In a place rife with tension, where every statement is political, and there is no such thing as an objective view, humor can play a powerful role in getting regular people through their day.
Back at the hostel, a senior follows up on this point about humor and co-existence. She says, “Yeah, I noticed that too, it is refreshing to me. So many conversations I have with friends at home end when we disagree with one another because we don’t want to make one another upset, but here, it’s like ‘Go for it! Tell me what you really think!’”

Part of Hackley’s mission is to challenge students “to learn from … varying backgrounds and perspectives…,” and all too often we can prioritize locating the different perspectives so much that we lose sight of the fact that this kind of learning also mandates the development of certain skills and mental dispositions. Putting people who see the world differently in the same room, in other words, does not make for much meaningful learning if those people do not know how to talk to one another in a generative way.

Every day in Israel and Palestine our students spoke to people who never have the choice to opt out of conversations where there are multiple perspectives. When it comes to this part of the world, there are simply too many opinions in too little space for anyone to live in the kinds of thought-bubbles that can arise in the United States. When our students sat down to speak with Israel and Palestinian teenagers enrolled in a program called Kids4Peace, which works to build understanding and friendship between the two groups at an early age, they were immediately bombarded with questions we in American would likely characterize as “a bit too forward.” “Are you pro-Trump?” asked one Israeli. “What about us, do you support the state of Israel?” asked another.
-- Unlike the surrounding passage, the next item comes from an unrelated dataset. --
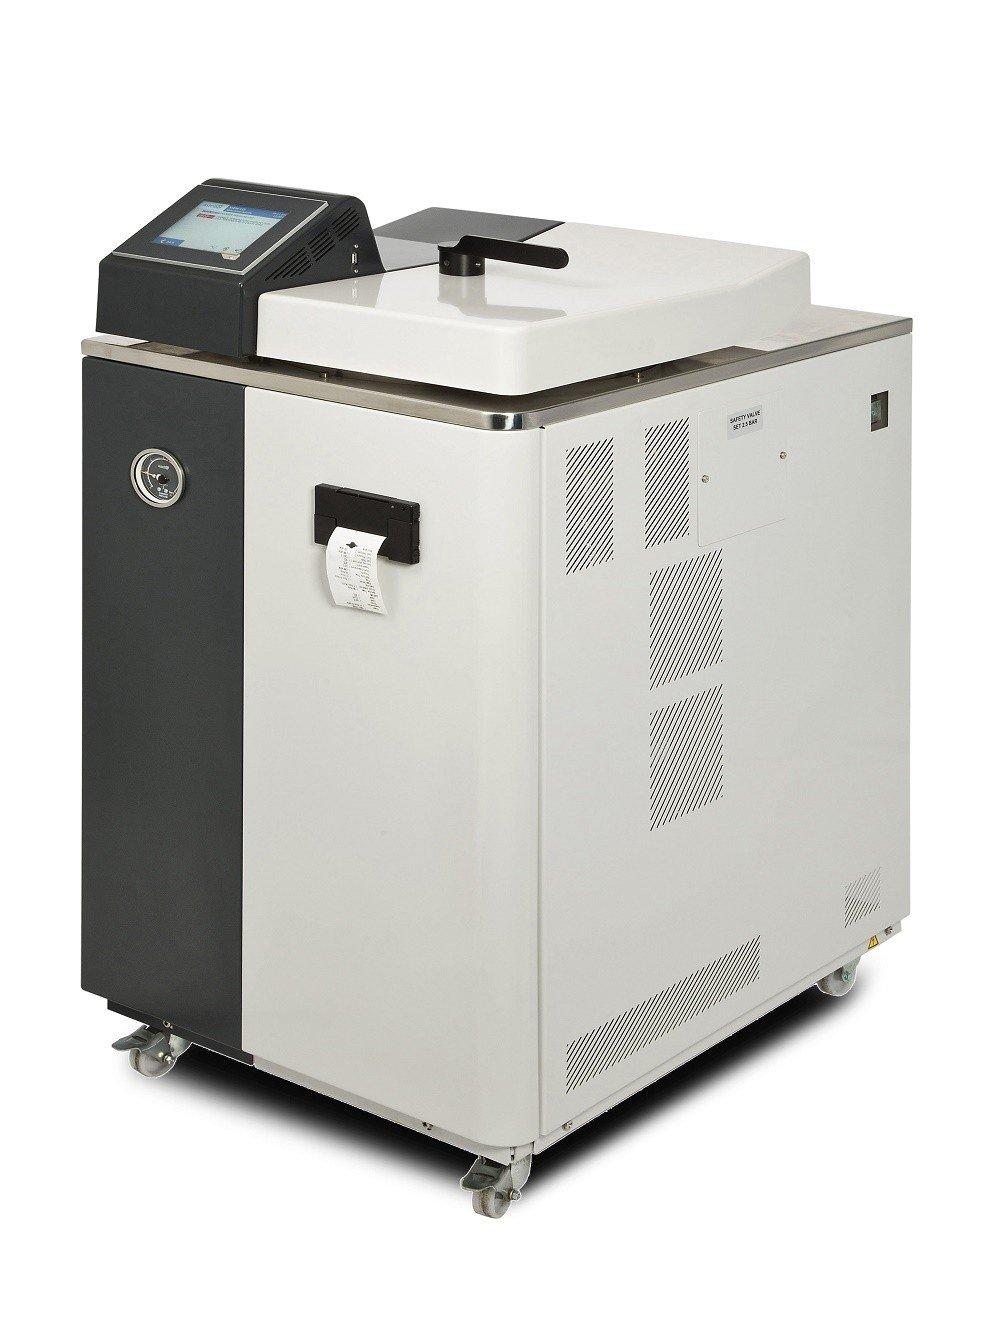 Astell Scientific Ama260bt Top Loading Laboratory

Initially many of our students were shy to respond. When I asked them about it later, they said they didn’t want to offend these kids whom they had just met. Eventually, a brave ninth grader decided to answer some of their question directly, “I have always supported Israel,” she began, “but I didn’t know about the Palestinian situation until I came here and saw what you guys live through every day.” To her surprise, it was the Israeli student who replied, “Yes I feel very similar to you. I obviously support my country, but it was not until I joined Kids4Peace that I felt any sympathy for the other side.”
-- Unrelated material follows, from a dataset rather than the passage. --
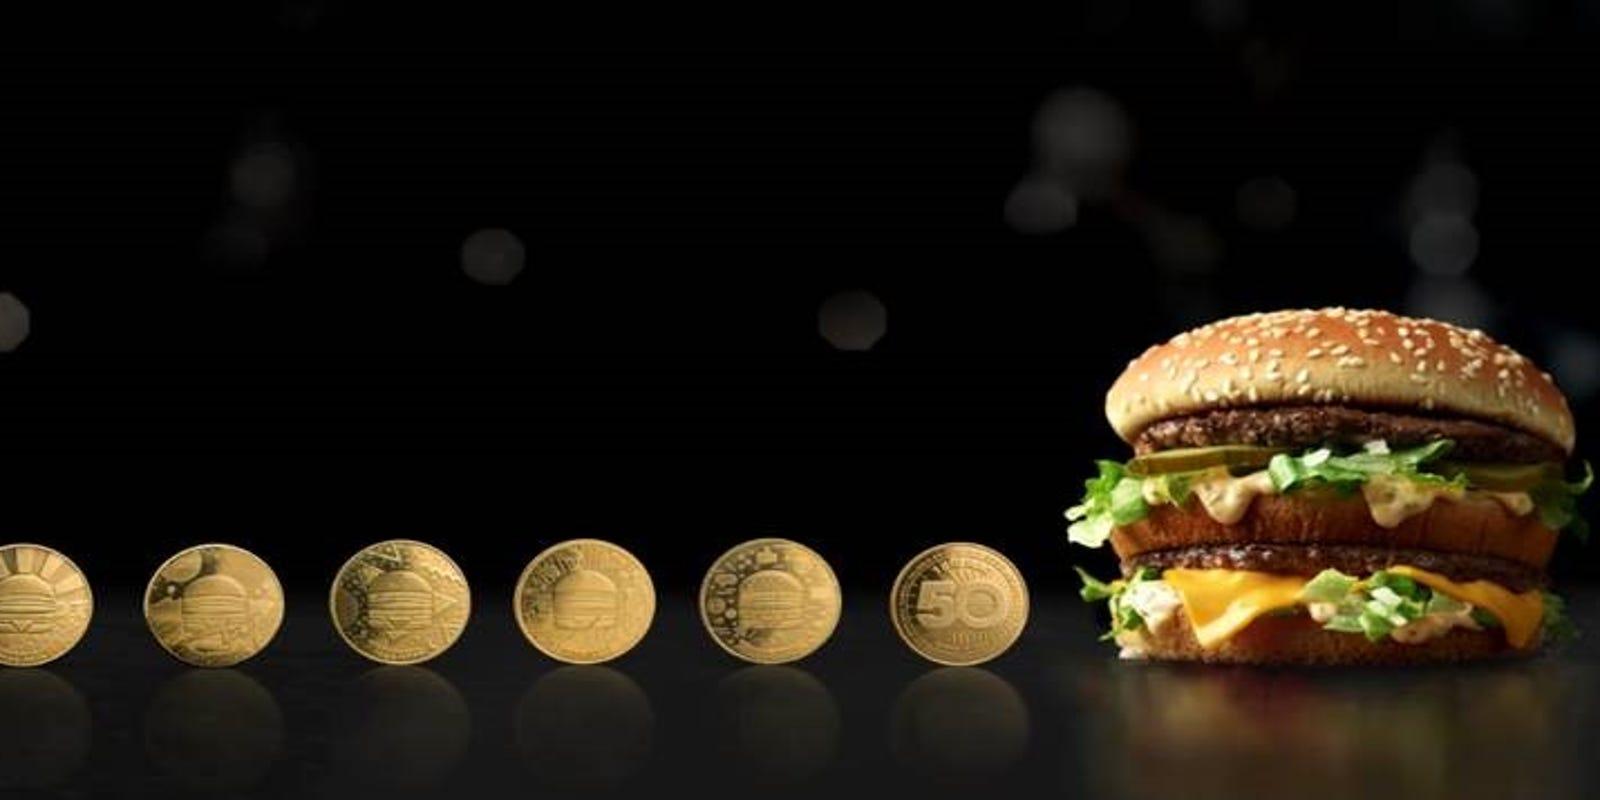 big mac 40 år McDonald's unveils MacCoin to celebrate Big Mac's 50th anniversary big mac 40 år

It took some time for our students to realize that speaking their mind and sharing their authentic selves was not taboo here, but, on the contrary, the best way to forge connections their Israeli and Palestinian peers (I’m told they are now all friends on Instagram…). So, there’s lesson two: when confronted with difficult questions, honesty, while not being the easiest way to respond, can forge powerful connections and mutual understandings. It is an approach that can often be overlooked in places blessed with less density and fewer tensions than Israel and Palestine, but it is one I will be looking to cultivate in myself and my students in the coming years.

We ended our trip by watching the sun set behind the Mediterranean from a pier in the old port of Jaffa. Tel Aviv, the largest and most modern Israeli city, has grown to effectively surround Jaffa, which was the Palestinian port town long before the state of Israel ever came into existence. Endings are usually a good moment to reflect on the success of a project, and as I looked around at our students, some thoughtfully staring off into the horizon, some writing in their journals, and some laughing with friends, I felt immense pride for the effort they’d put forward over the past ten days to learn about and grow from the beautiful, challenging, and complex culture that is Israel and Palestine. We had set out to help our students better understand the politics, history, and culture of this region, and we succeeded there.

What I believe the two lessons above also show, however, is that, beyond intellectual development, this Casten Trip also helped our students grow in character as they learned how to navigate difficult conversations first hand, from the people who have to do it every day.

Steele Sternberg is a member of the Hackley History Department and serves as Round Square Representative.